Producers lobby in Ankara bid to halt controversial draft law on olive groves

Representatives from Turkey’s olive industry met two top officials on June 7 in a bid to halt a contentious draft law, which will make it possible for the building of industrial facilities on olive groves if “public interest” can be imputed under the supervision of a preservation board. 

Sector players met Food, Agriculture and Livestock Minister Faruk Çelik and Science, Industry and Technology Minister Faruk Özlü in Ankara. 

They discussed leaving out the olive regulation from the production reform package in order to redesign it in the upcoming period by consulting with all parties, according to sources close to the matter. 

Another option is to make revisions on the existing draft law, which envisages bringing about reforms to industrial production. 

A final decision will be reached after a meeting is held with Prime Minister Binali Yıldırım, according to sources. 

The parliament commission on May 31 decided to establish an “Olive Grove Preservation Board” to supervise investments on olive oil groves and prepare reports on investment demands, which will be headed by city governors under the guidance of the agriculture minister. 

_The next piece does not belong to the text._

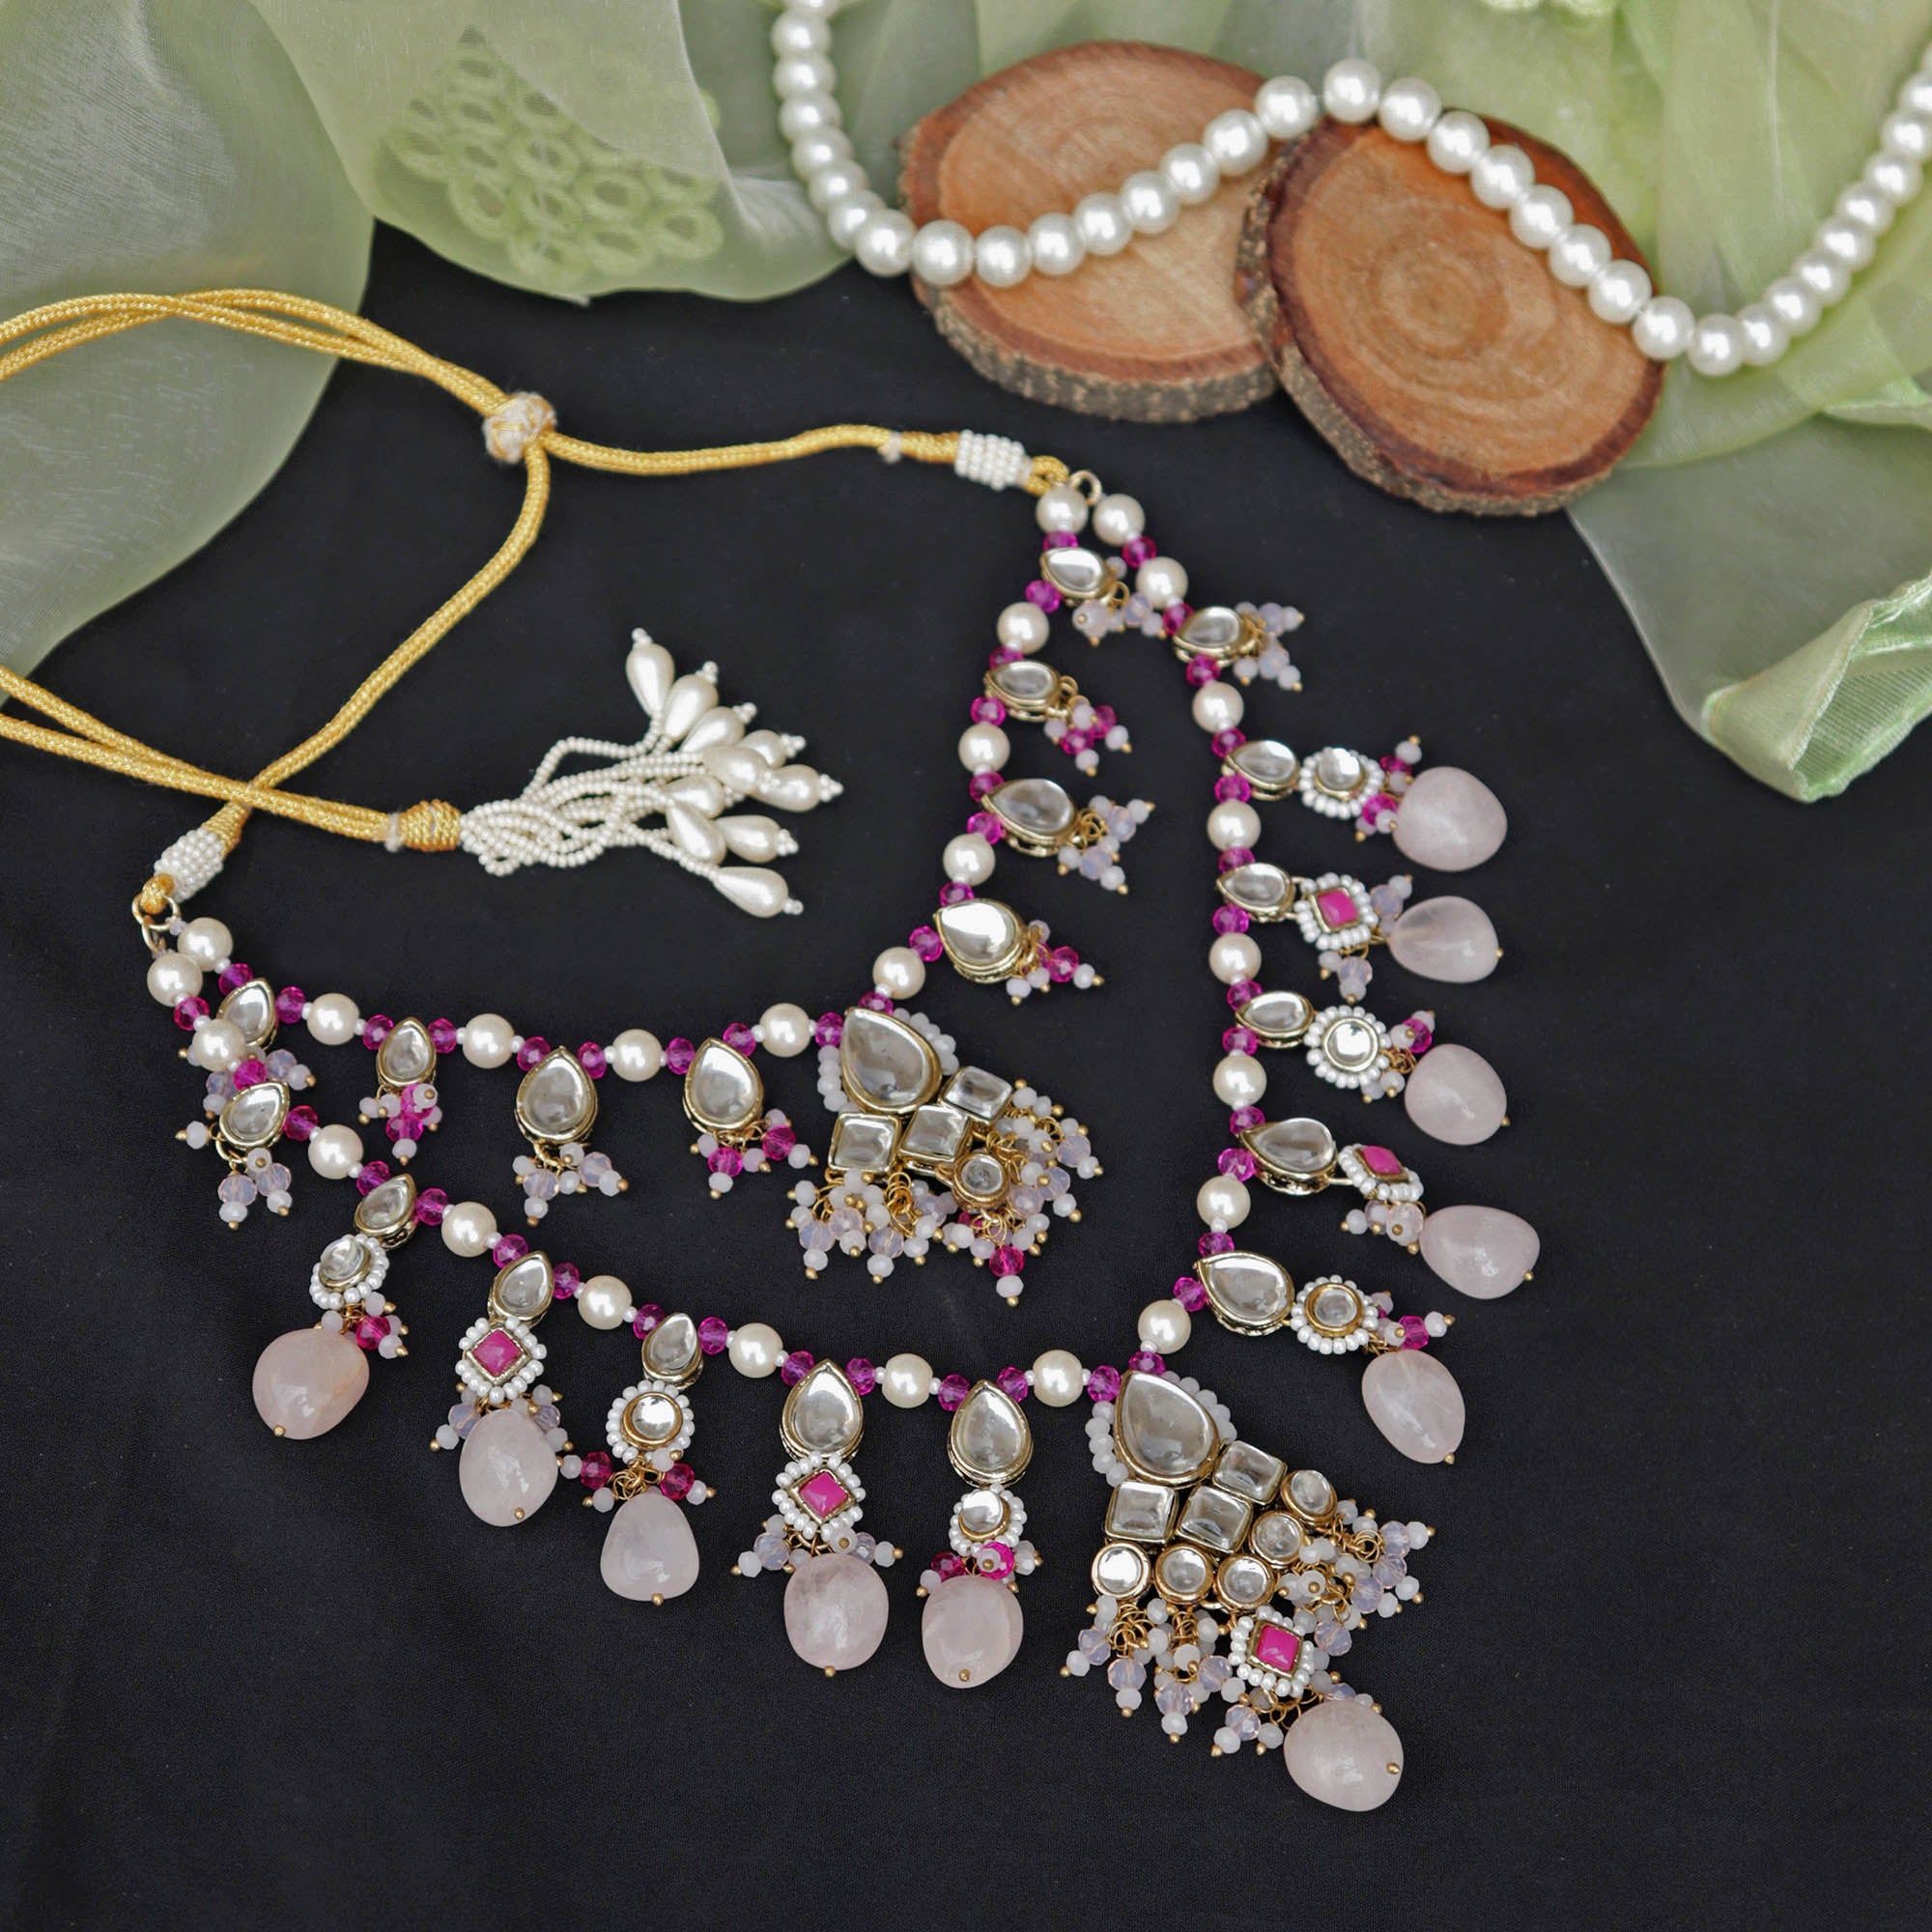 Beabhika Handmade Artificial Jewelry Pink Color Stones Kundan Necklace Gold Tone Kundan Choker Neckalce Set With Matching Earrings Kundan Jewelry Set Rose Quartz Stones Necklace With Same Style Earrings Available On COD In India Delhi Express Shipping Jewelry Heavy Necklace Set For Indian Party Ethnic Dress Matching Heavy Work Gold Plated Necklace Traditional Heeramandi Style Jewelry
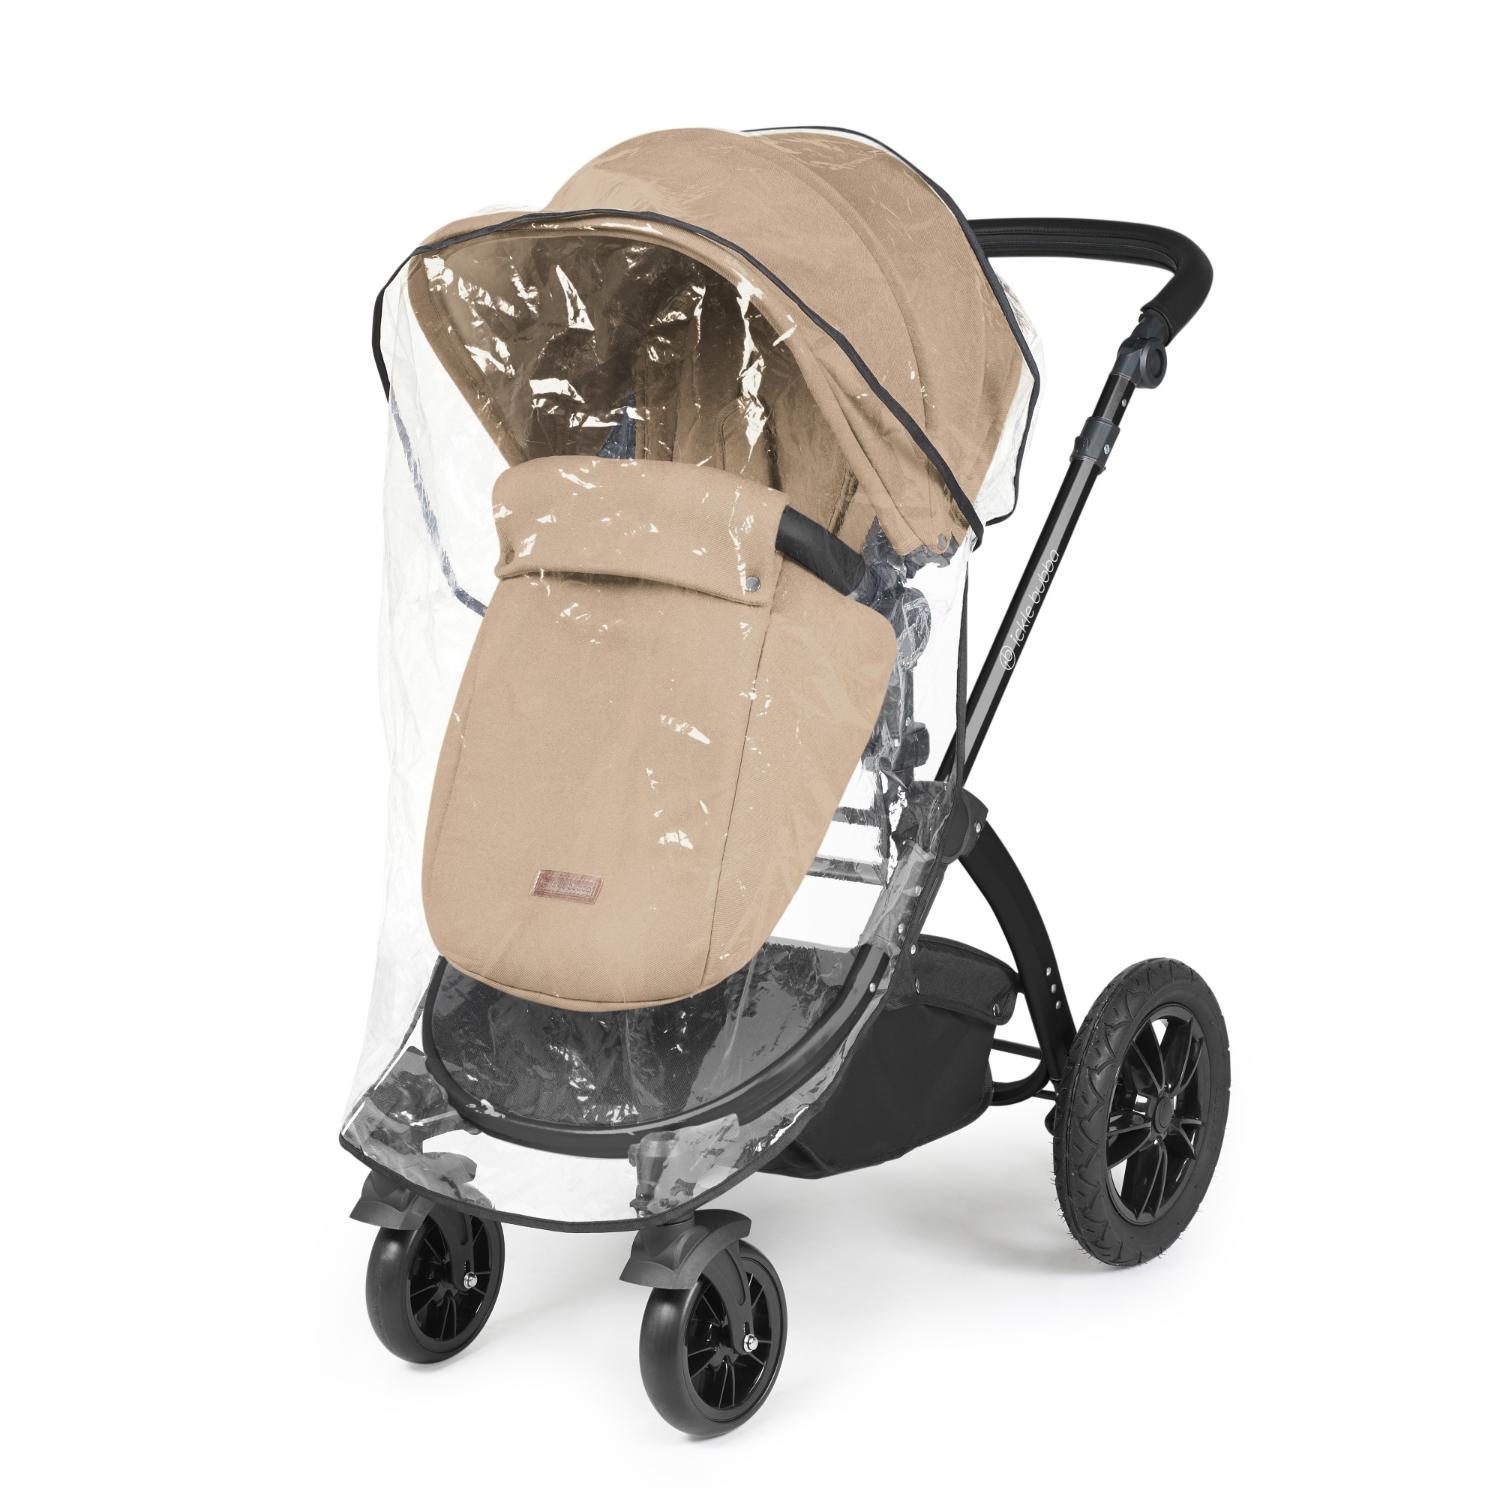 Rain cover placed on an Ickle Bubba Stomp Luxe Pushchair in Desert beige colour

On June 7, the negotiating parties also discussed the inclusion of sector representatives on the board, according to sources. 

Turkey faced a heated debate over the fate of its olive trees last week during voting on a production reform draft in parliament. 

Although some provisions were left out by the government amid strong opposition from various parts of society, a number of key provisions remained the same, to the extent that “olive trees will no longer be subject to legal protection,” according to opposition groups and sector players.